= ASSIGNMENT =
The copy you print must match the listing exactly, with its pictures removed.

= DATASET SECTION =
######
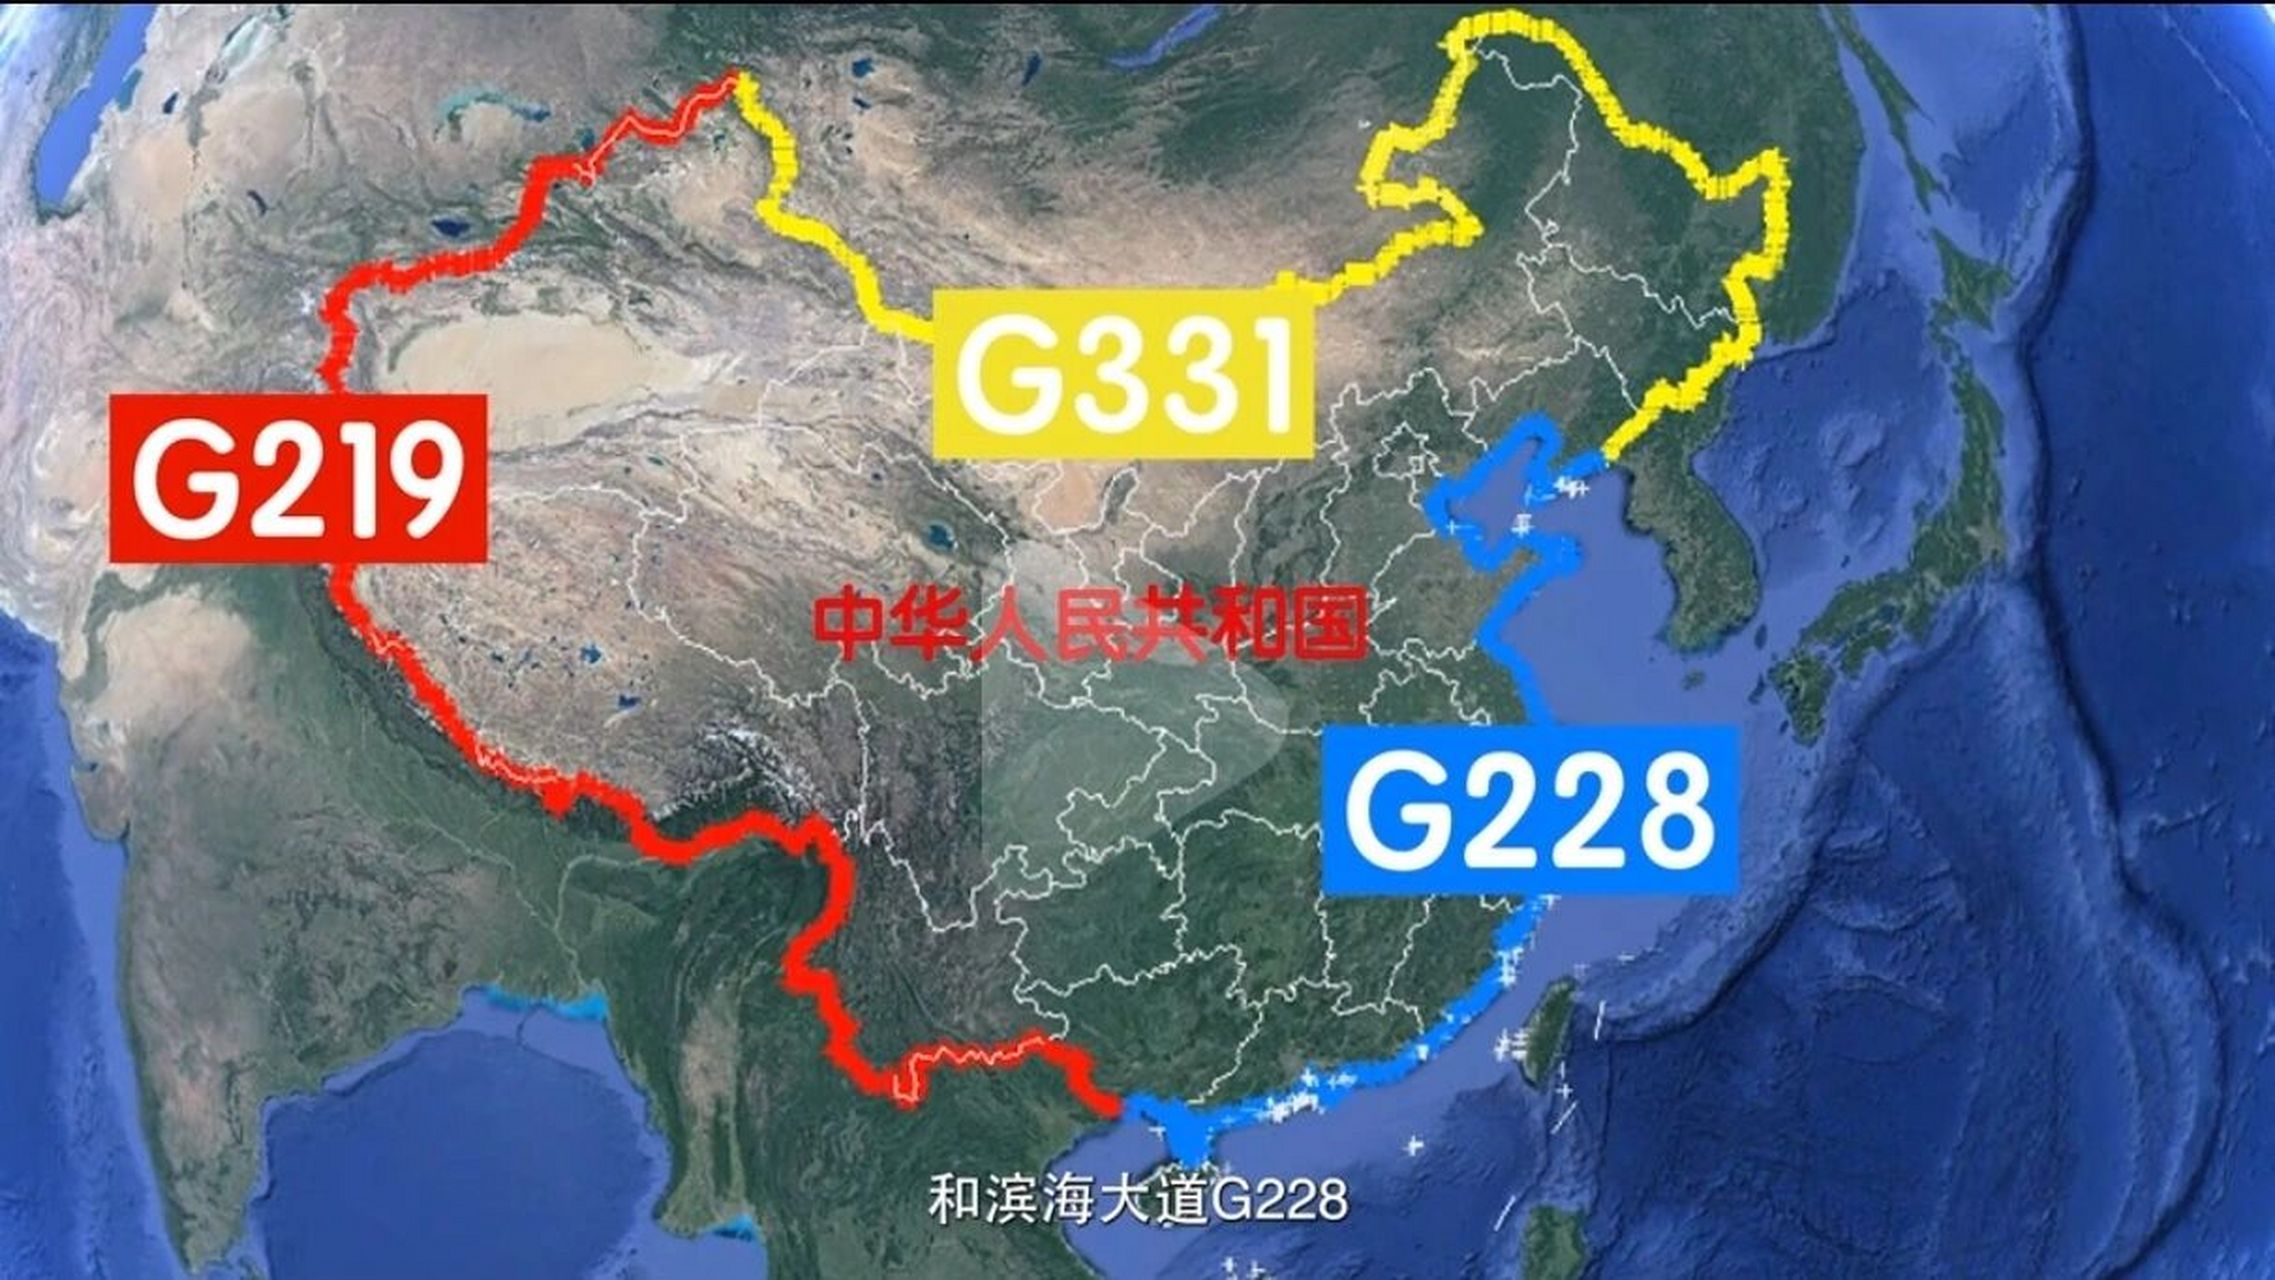 听说可以沿着这3条国道环游中国 听说可以沿着这三条国道环游中国
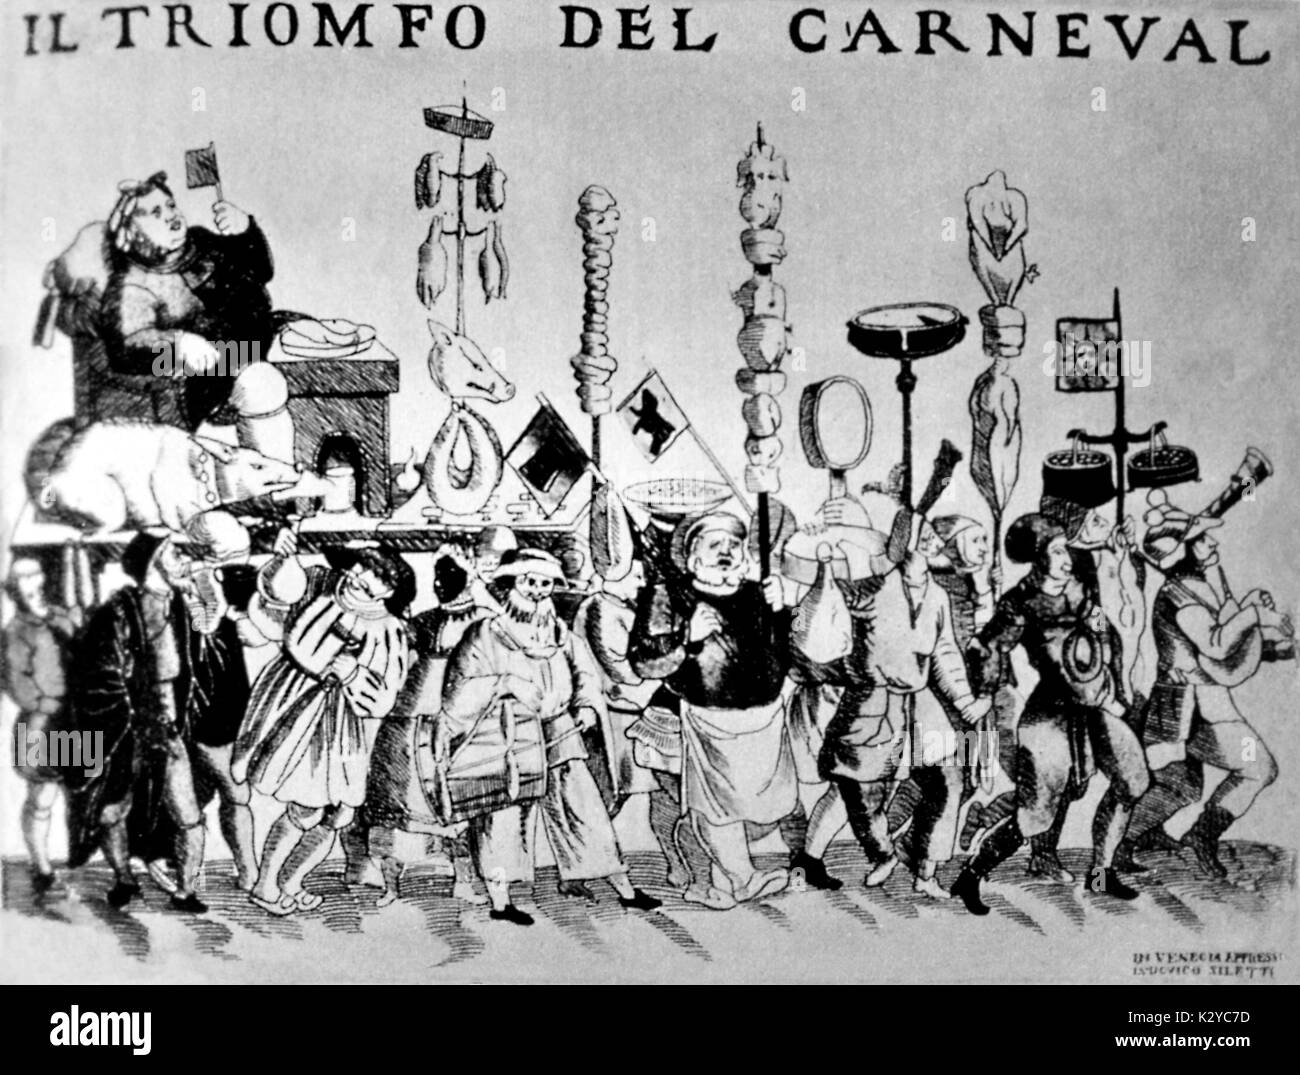 Venecia - Folleto - carnaval veneciano Il trionfo del Carnaval (el triunfo del carnaval). Foto de stock
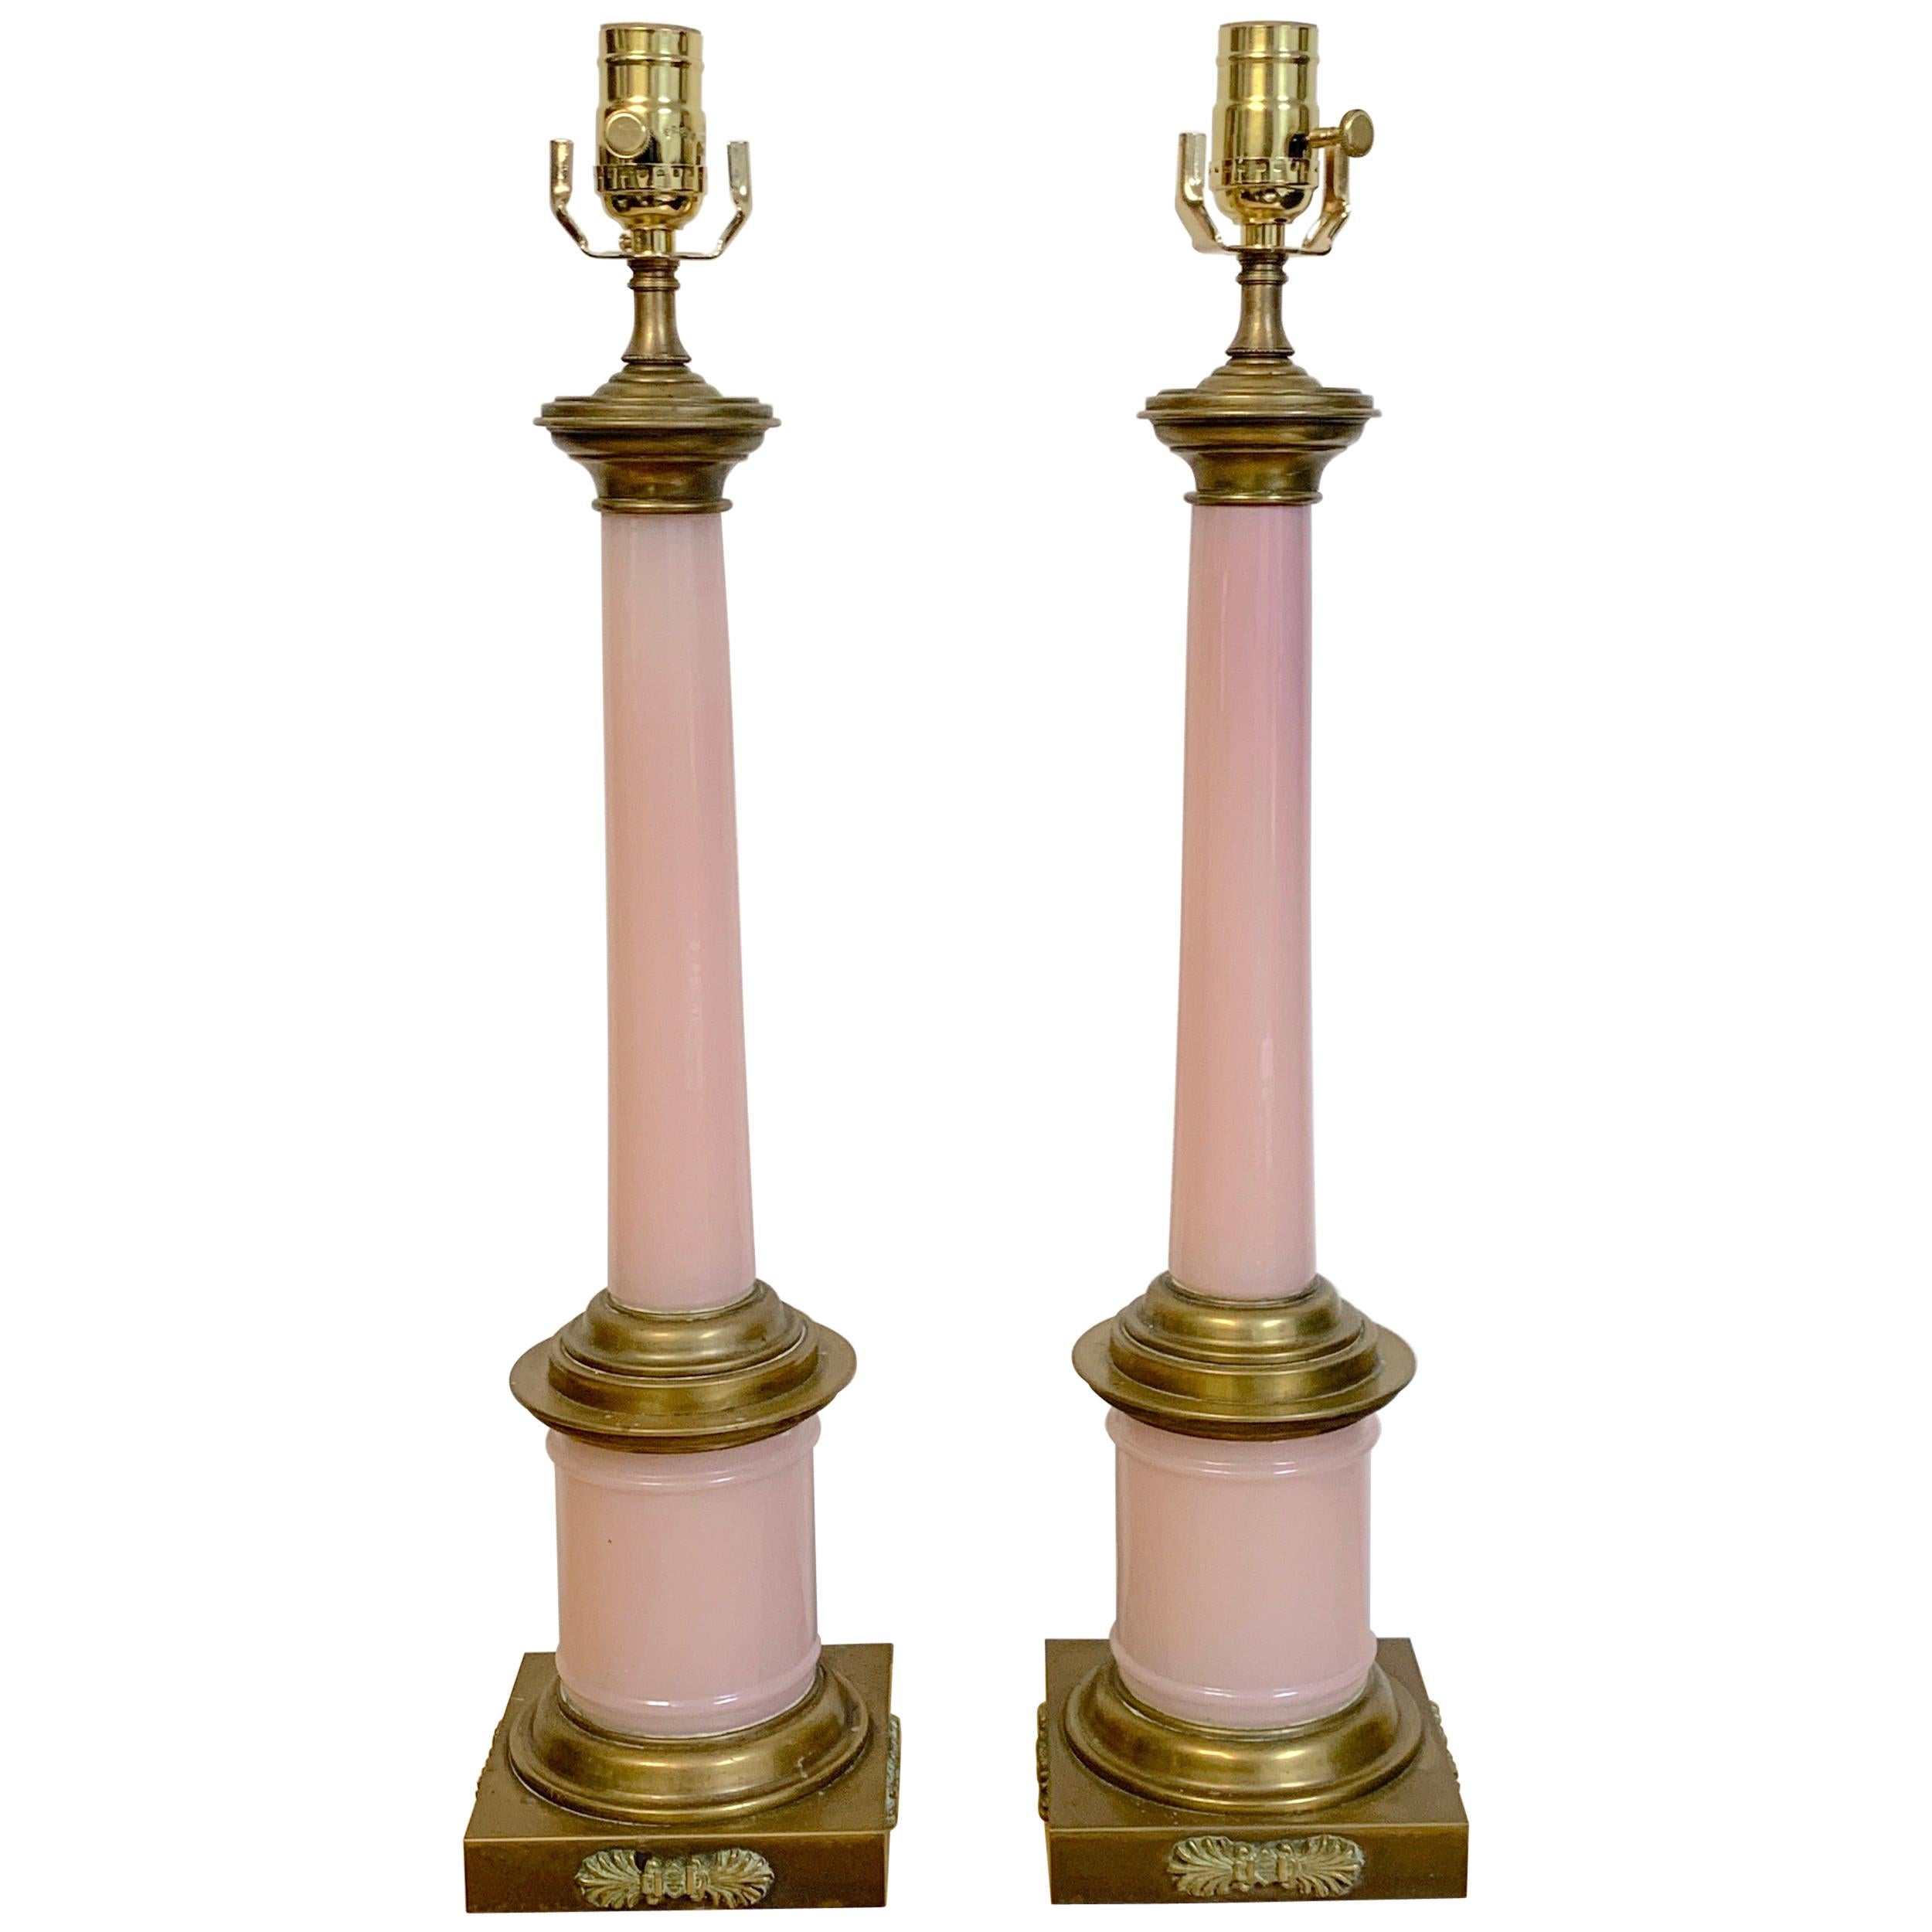 Paire de lampes néoclassiques françaises en bronze rose opalin, chacune de forme typique avec des bases montées d'acanthes.
La base est carrée de 5,5 pouces, 19 pouces de haut jusqu'au sommet de la colonne, 24 pouces de haut jusqu'au sommet de la
######
= OUTPUT OF THE EXERCISE =
 听说可以沿着这3条国道环游中国 听说可以沿着这三条国道环游中国
 Venecia - Folleto - carnaval veneciano Il trionfo del Carnaval (el triunfo del carnaval). Foto de stock
 Paire de lampes néoclassiques françaises en bronze rose opalin, chacune de forme typique avec des bases montées d'acanthes.
La base est carrée de 5,5 pouces, 19 pouces de haut jusqu'au sommet de la colonne, 24 pouces de haut jusqu'au sommet de la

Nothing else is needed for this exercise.